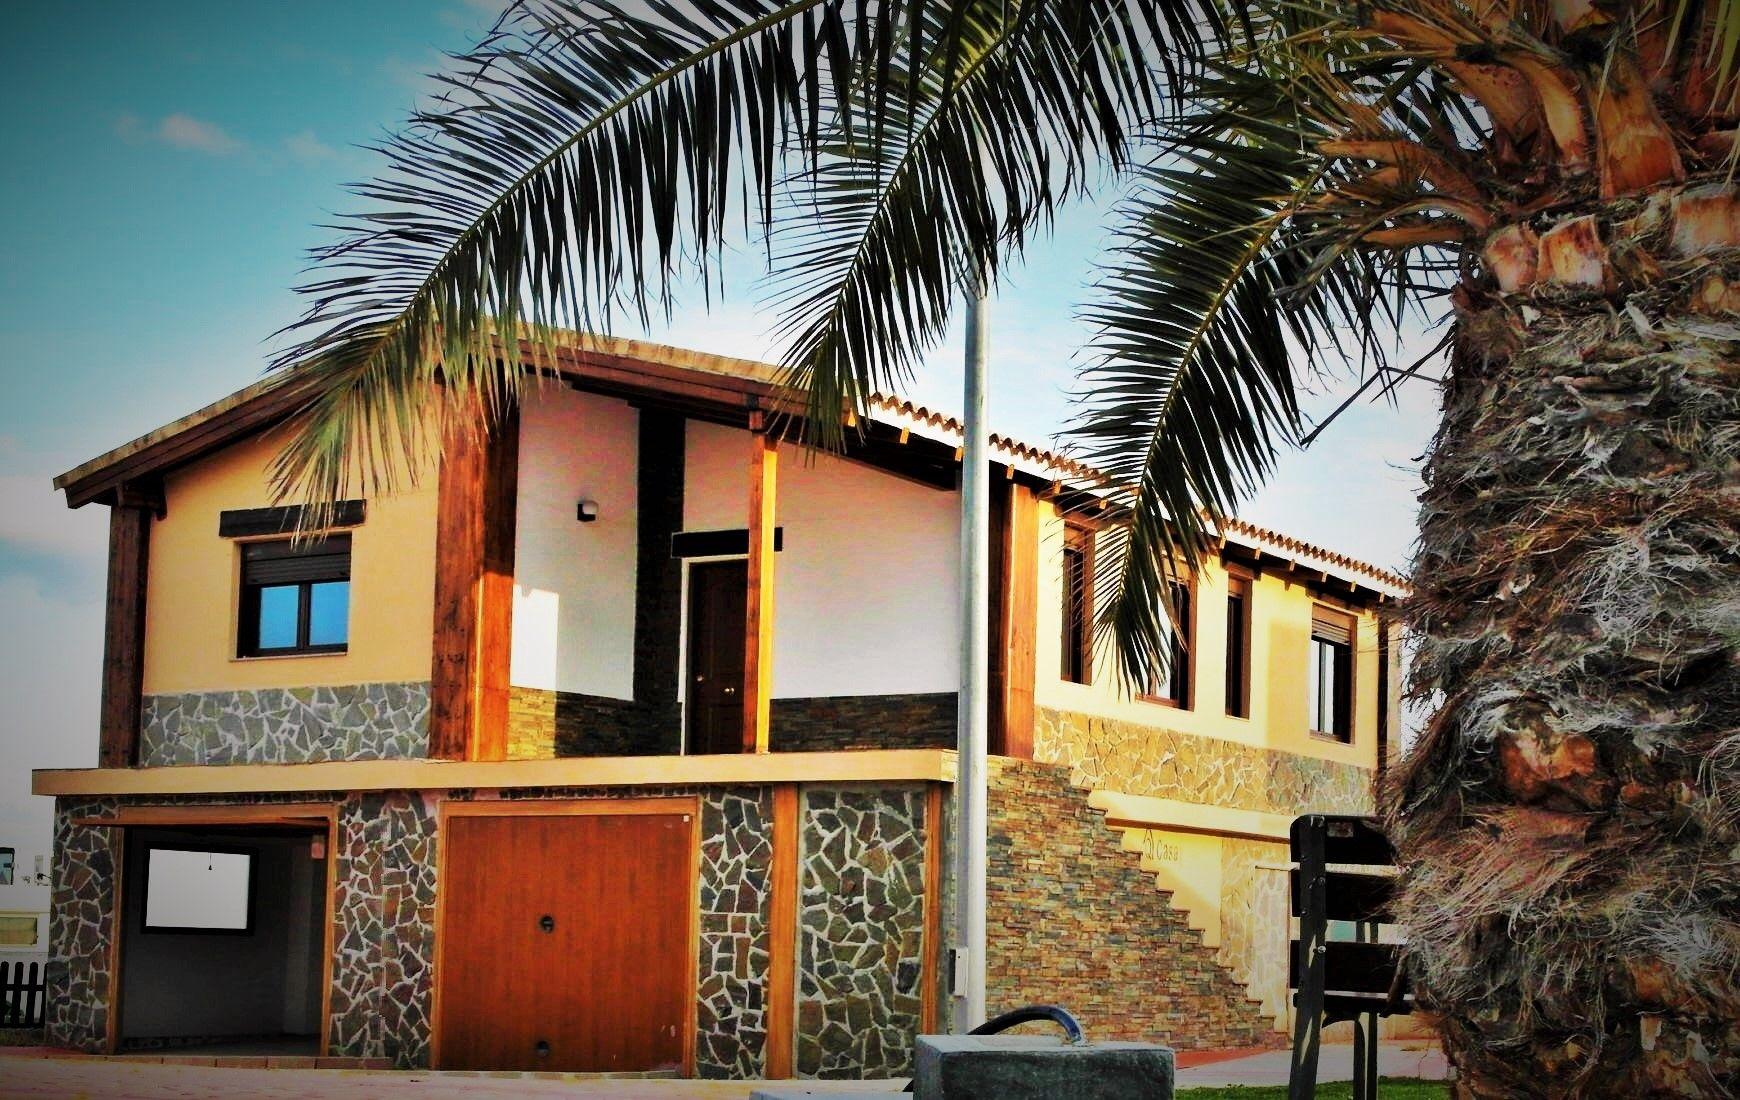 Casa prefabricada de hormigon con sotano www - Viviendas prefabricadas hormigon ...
==
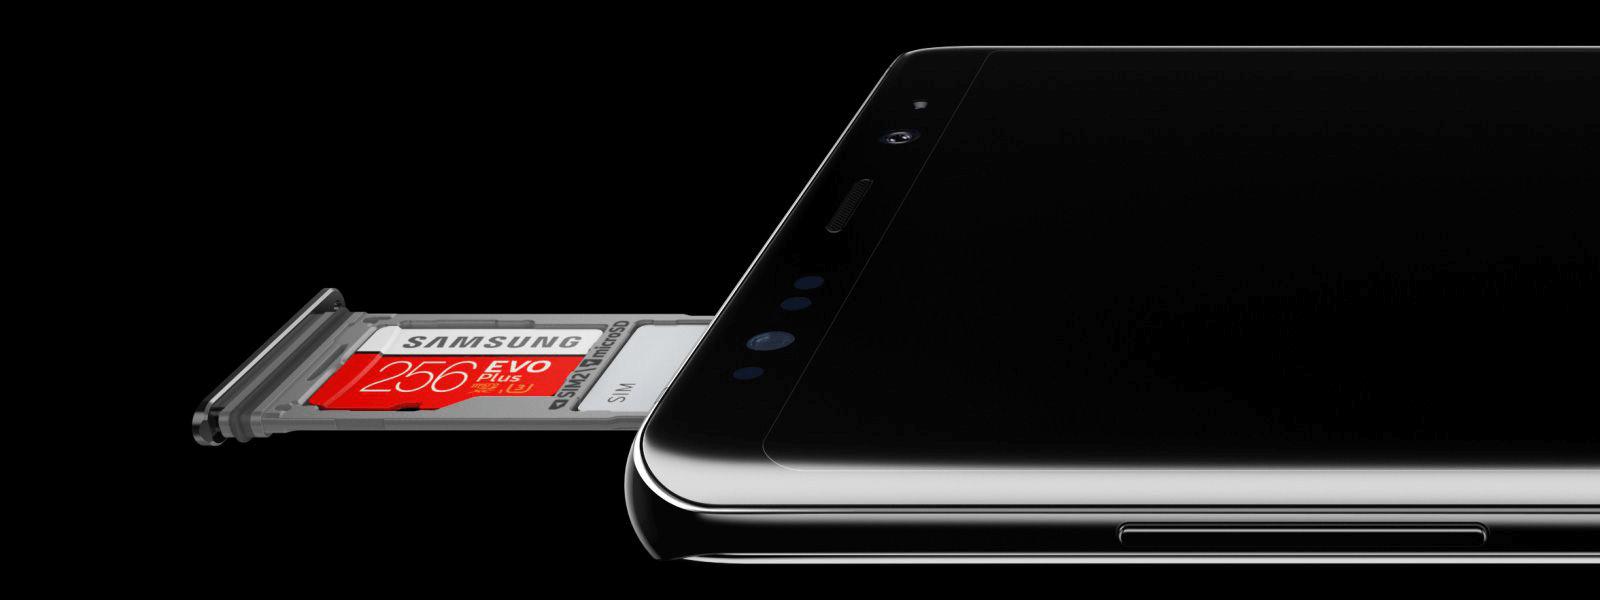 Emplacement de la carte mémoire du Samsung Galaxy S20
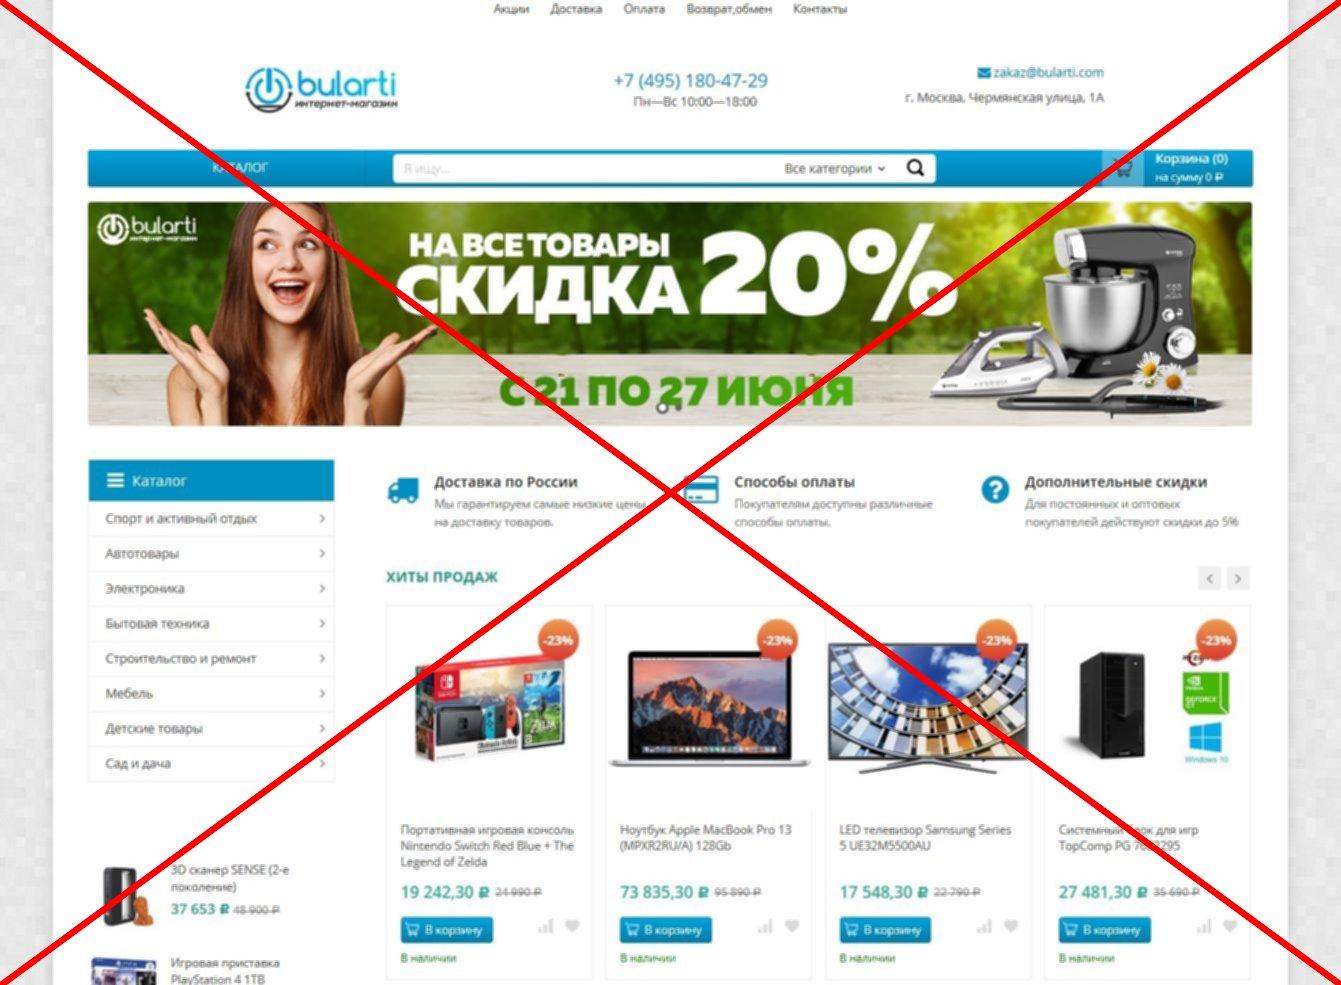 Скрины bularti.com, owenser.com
---
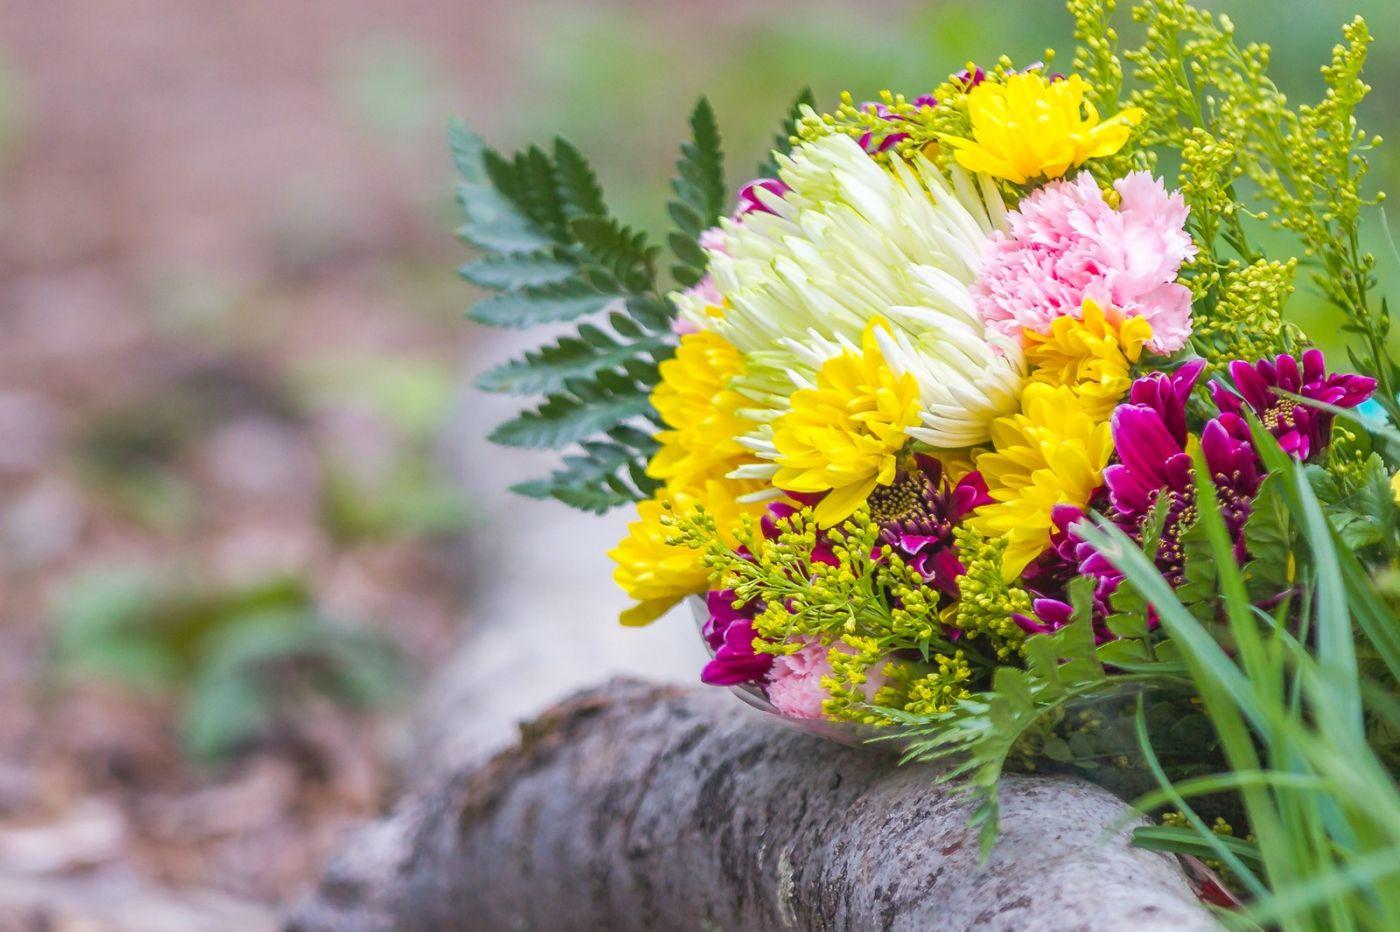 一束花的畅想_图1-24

| Work instructions |
Transcribe only the lines above that start at the line containing "Emplacement de la" and end at the line containing "Скрины bularti.com, owenser.com". Omit pictures.

| Exercise answer |
 Emplacement de la carte mémoire du Samsung Galaxy S20
 Скрины bularti.com, owenser.com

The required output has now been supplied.